Holt and Holt-Winters Models – Model Evaluation

15 April 2025

Exponential Smoothing Models

ETS Models in Forecasting: Principles and Practice

Exponential smoothing models are a family of forecasting tools that help us make smarter predictions by giving more weight to recent observations while not completely ignoring the past.

Why “exponential”? The weights assigned to past observations decrease exponentially — meaning the most recent data gets the most attention, and older data fades out gradually.

Simple Level Model

My prediction for today is an exponentially weighted average of past values.

\[ \hat{y}_{t+1} = \ell_t \]

\[ \ell_t = \alpha y_t + \alpha(1 - \alpha) y_{t-1} + \alpha(1 - \alpha)^2 y_{t-2} + \dots \]

Simple Trend + Level Model (Holt)

My prediction includes both an exponentially weighted average of past values and a trend.

“trend” = tendency to increase or decrease.

\[ \hat{y}_{t+1} = \ell_t + b_t \]

Where:

$\ell_t$: exponentially weighted average of past values
$b_t$: exponentially weighted average of past trends ($\ell_{t} - \ell_{t-1}$)

Expanded Form

Level: \[ \ell_t = \alpha y_t + \alpha(1 - \alpha)(y_{t-1} + b_{t-1}) + \alpha(1 - \alpha)^2(y_{t-2} + b_{t-2}) + \dots \]

Trend: \[ b_t = \beta (\ell_t - \ell_{t-1}) + \beta (1 - \beta) (\ell_{t-1} - \ell_{t-2}) + (1-\beta)^2 b_{t-2} \]

Holt-Winters Model

My forecast includes a weighted average of past values, a trend, and a seasonal component:

\[ \hat{y}_{t+1} = \ell_t + b_t + s_{t - m} \]

Where: - $\ell_t$: smoothed level (local average) - $b_t$: smoothed trend (local slope) - $s_{t - m}$: seasonal adjustment from one full cycle ago

Expanded form of seasonality:

\[ \begin{aligned} s_t &= \gamma (y_t - \ell_t) + (1 - \gamma) s_{t - m} \\ &= \gamma (y_t - \ell_t) + \gamma(1 - \gamma)(y_{t - m} - \ell_{t - m}) \\ &\quad + \gamma(1 - \gamma)^2(y_{t - 2m} - \ell_{t - 2m}) + \gamma(1 - \gamma)^3(y_{t - 3m} - \ell_{t - 3m}) + \dots \end{aligned} \]

This lets the seasonal pattern evolve gradually over time.

Fitting Holt and Holt-Winters

The forecast package provides:

holt(dat), ets(dat, model="AAN") Holt
hw(dat), ets(dat, model="AAA") Holt-Winters
ets(dat, model="ZZZ") others

Fit Holt model

Evolving level and trend.

Load the data and forecast package.

data(greeklandings, package="atsalibrary")
anchovy <- subset(greeklandings, 
                  Species=="Anchovy" & Year<=1987)$log.metric.tons
anchovy <- ts(anchovy, start=1964)
library(forecast)

## Registered S3 method overwritten by 'quantmod':
##   method            from
##   as.zoo.data.frame zoo

fit <- forecast::holt(anchovy)
fr <- forecast(fit, h=5)

plot(fr)

Validation

Once we have a model(s), we will want to evaluate the performance of the model.

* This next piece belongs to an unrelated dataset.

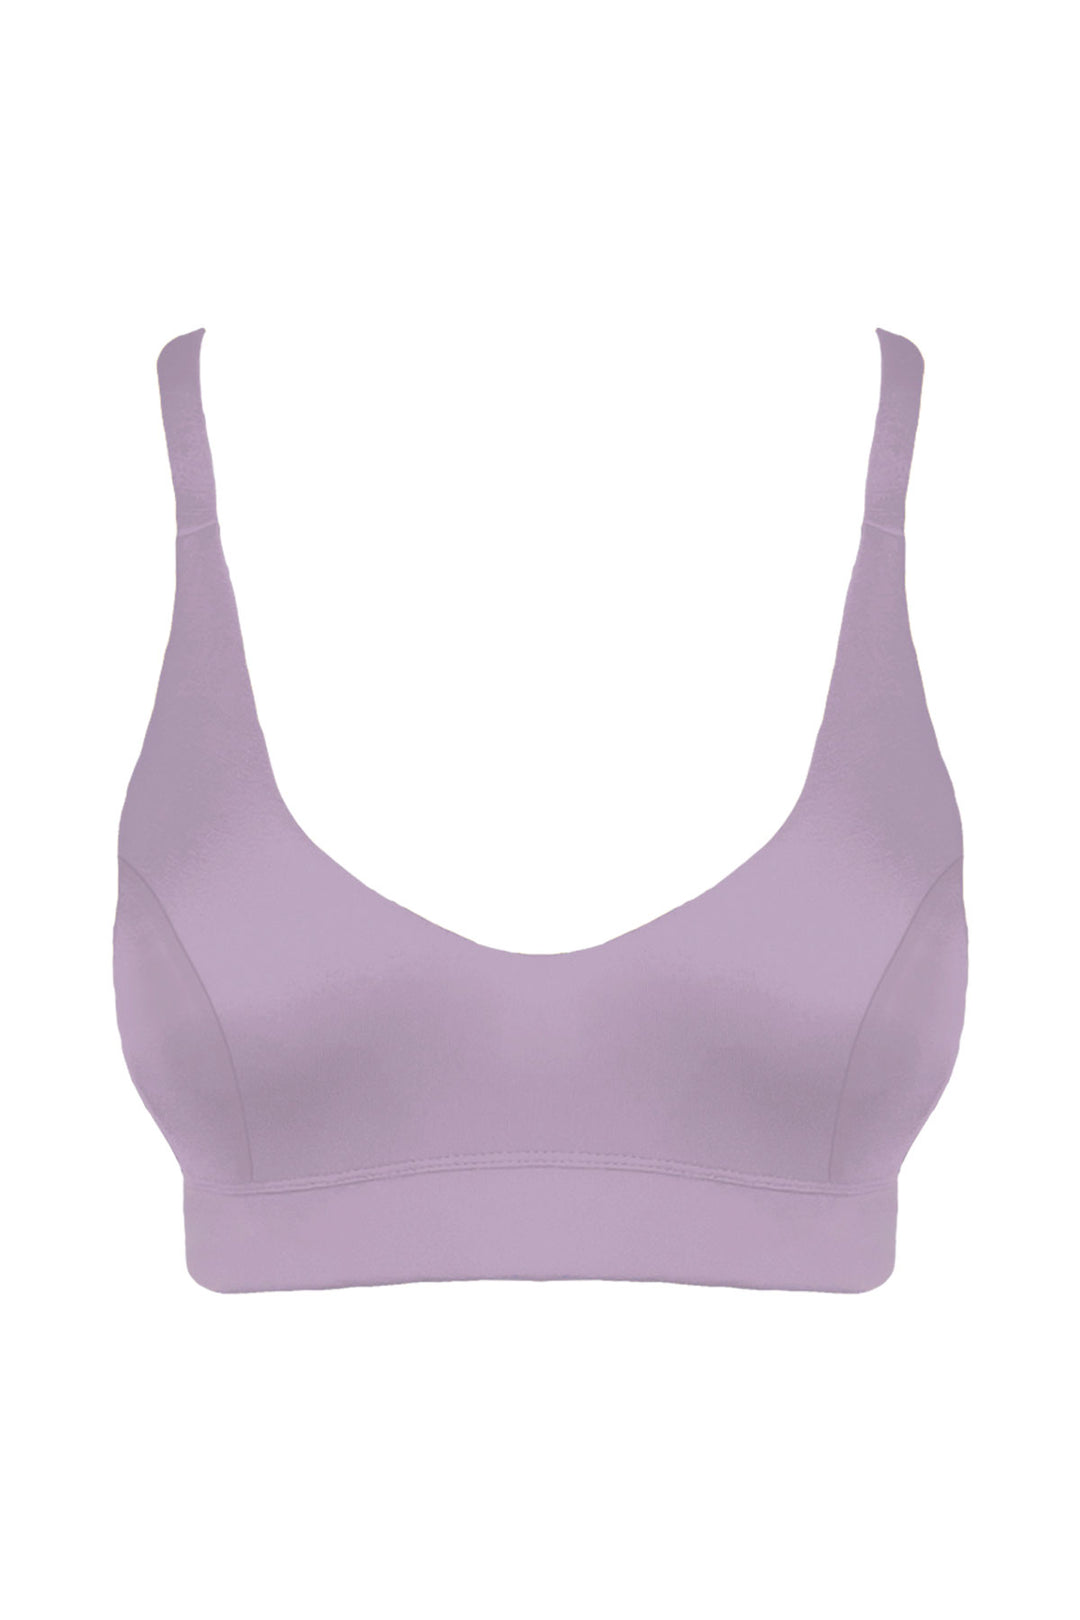 Sold out Siane Full Cup Bralette in Lavender

We’ll see examples using the anchovy landings.

spp <- "Anchovy"
training = subset(greeklandings, Year <= 1987)
test = subset(greeklandings, Year >= 1988 & Year <= 1989)
traindat <- subset(training, Species==spp)$log.metric.tons
testdat <- subset(test, Species==spp)$log.metric.tons

Measures of forecast fit

To measure the forecast fit, we fit a model to training data and test a forecast against data in a test set. We ‘held out’ the test data and did not use it for fitting.

We will fit to the training data and make a forecast.

fit_arima <- auto.arima(traindat)
fit_arima

## Series: traindat 
## ARIMA(0,1,1) with drift 
## 
## Coefficients:
##           ma1   drift
##       -0.5731  0.0641
## s.e.   0.1610  0.0173
## 
## sigma^2 = 0.03583:  log likelihood = 6.5
## AIC=-6.99   AICc=-5.73   BIC=-3.58

Forecast

fr <- forecast(fit_arima, h=2)
plot(fr)

Compare to test

How do we quantify the difference between the forecast and the actual values?

fr.err <- testdat - fr$mean
fr.err

## Time Series:
## Start = 25 
## End = 26 
## Frequency = 1 
## [1] -0.1704302 -0.4944778

There are many metrics. The accuracy() function in forecast provides many different metrics: mean error, root mean square error, mean absolute error, mean percentage error, mean absolute percentage error.

ME Mean error

me <- mean(fr.err); me

## [1] -0.332454

RMSE Root mean squared error

rmse <- sqrt(mean(fr.err^2)); rmse

## [1] 0.3698342

MAE Mean absolute error

mae <- mean(abs(fr.err)); mae

## [1] 0.332454

MPE Mean percentage error

fr.pe <- 100*fr.err/testdat
mpe <- mean(fr.pe); mpe

## [1] -3.439028

MAPE Mean absolute percentage error

mape <- mean(abs(fr.pe)); mape

## [1] 3.439028

accuracy(fr, testdat)[,1:5]

##                       ME      RMSE       MAE        MPE     MAPE
## Training set -0.00473511 0.1770653 0.1438523 -0.1102259 1.588409
## Test set     -0.33245398 0.3698342 0.3324540 -3.4390277 3.439028

c(me, rmse, mae, mpe, mape)

## [1] -0.3324540  0.3698342  0.3324540 -3.4390277  3.4390277

Test all the models in your candidate set

Compute metrics for all the models in your candidate set.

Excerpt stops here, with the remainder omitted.